* [Exercise instructions] Only the stretch below from the line holding "Футболка мужская CITY 13" through the line holding "RyderCorso-hospital-newborn-83.jpg" should be restated, word for word and with both ends included; pictures stay out.

── Exercise data

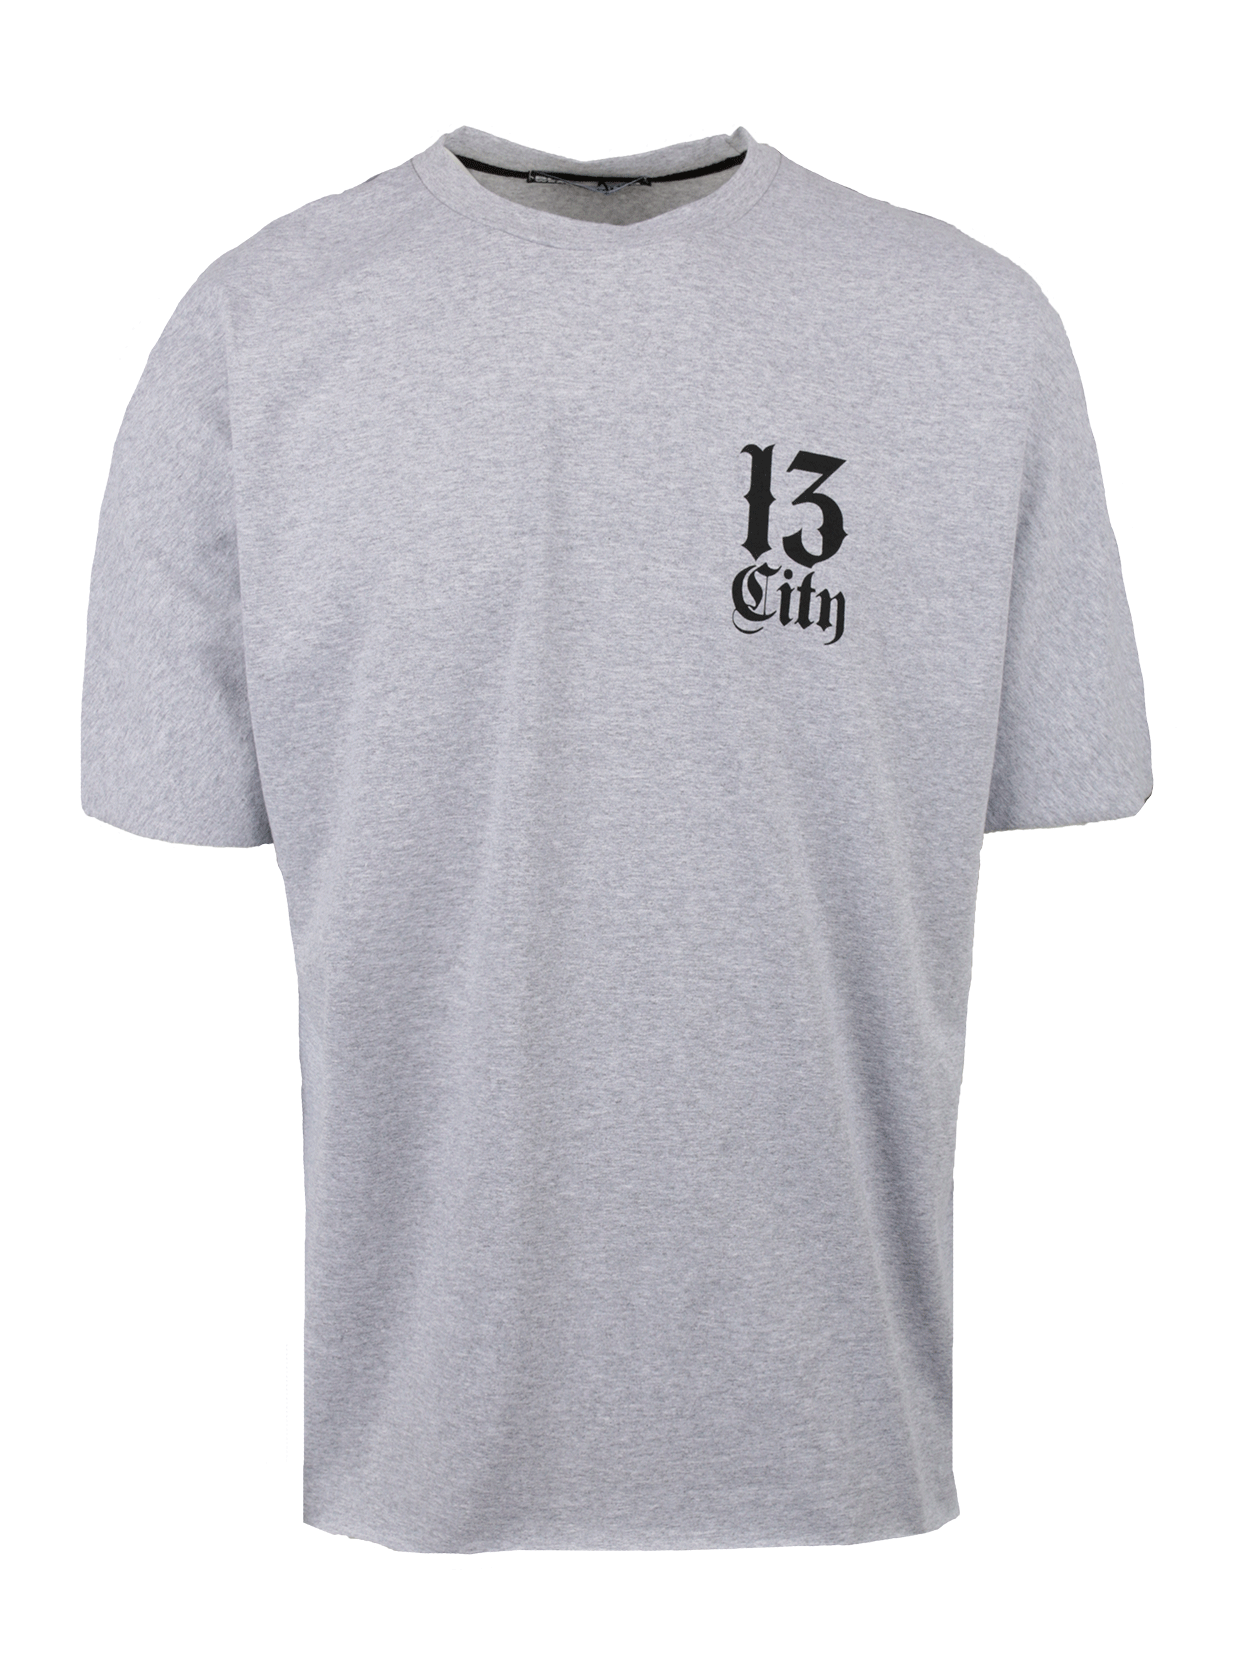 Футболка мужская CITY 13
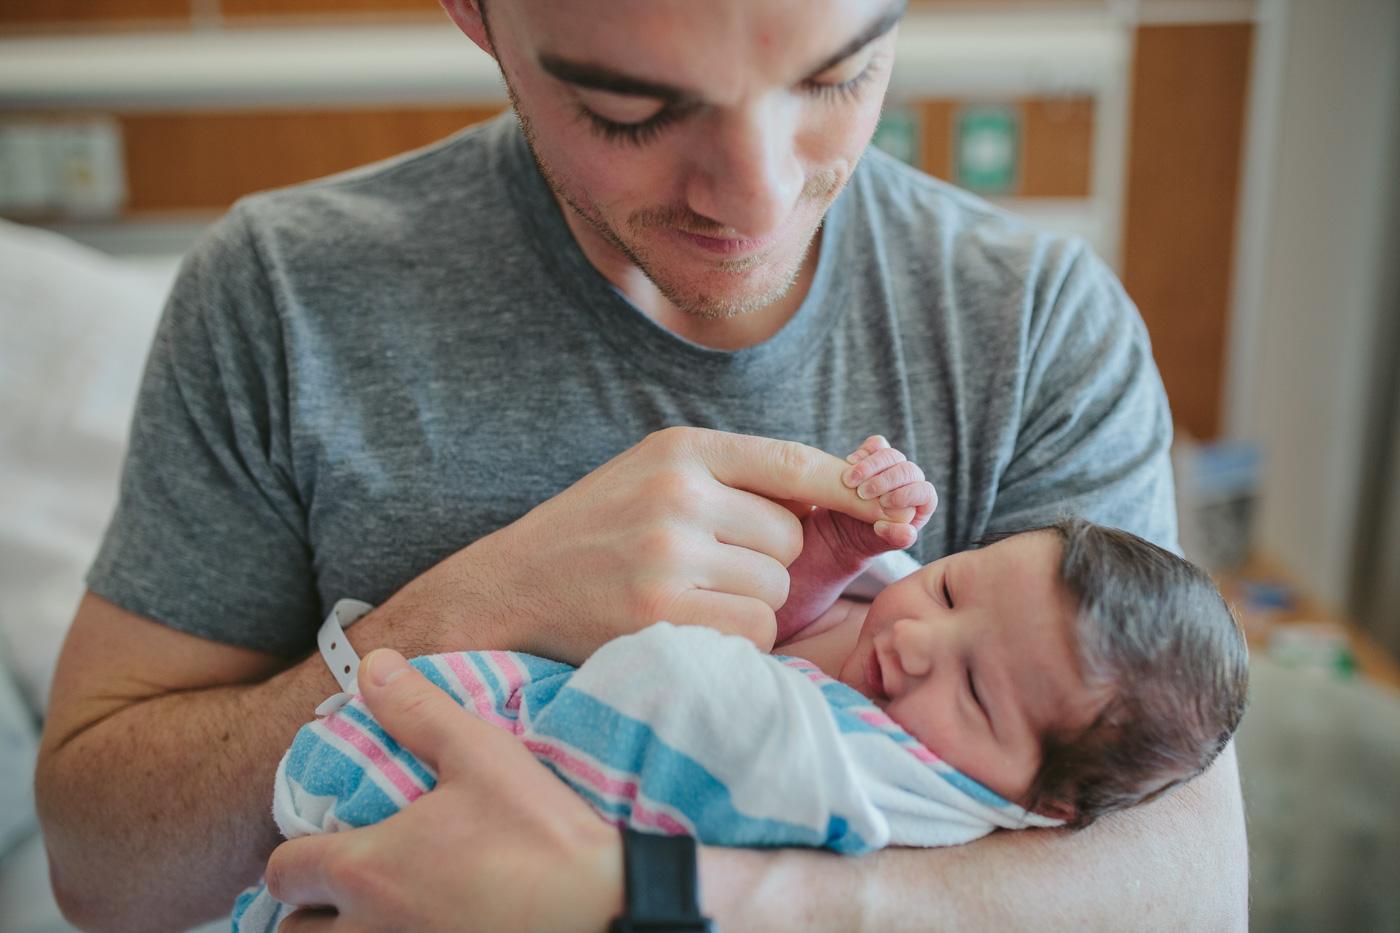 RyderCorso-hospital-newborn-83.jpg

────
── Exercise data

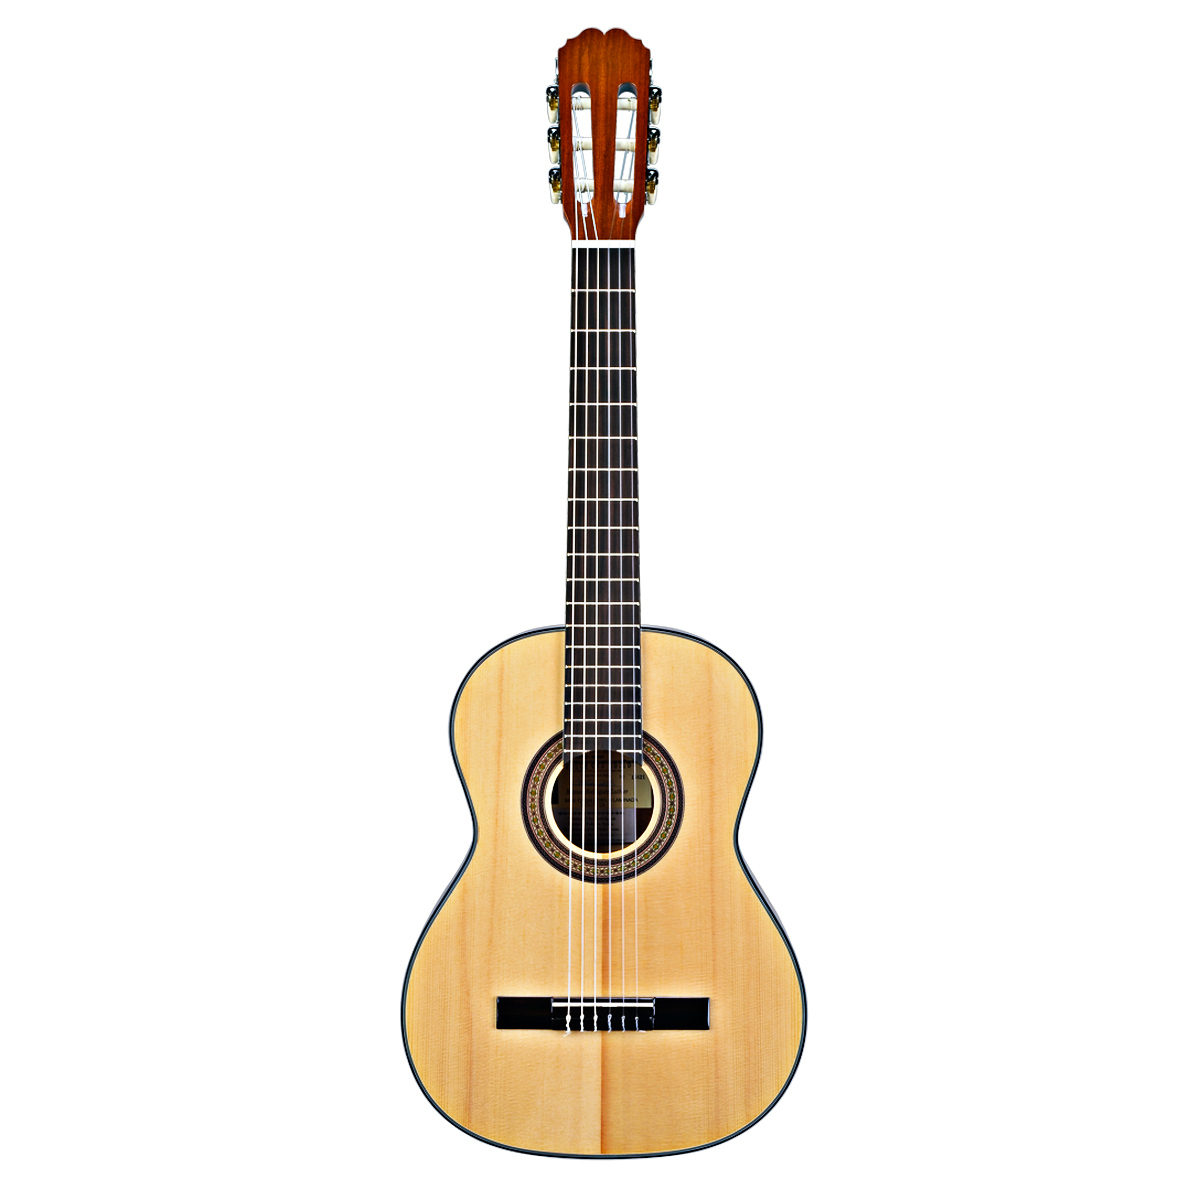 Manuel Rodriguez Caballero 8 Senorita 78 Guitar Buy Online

────

* [Solved problem]
 Футболка мужская CITY 13
 RyderCorso-hospital-newborn-83.jpg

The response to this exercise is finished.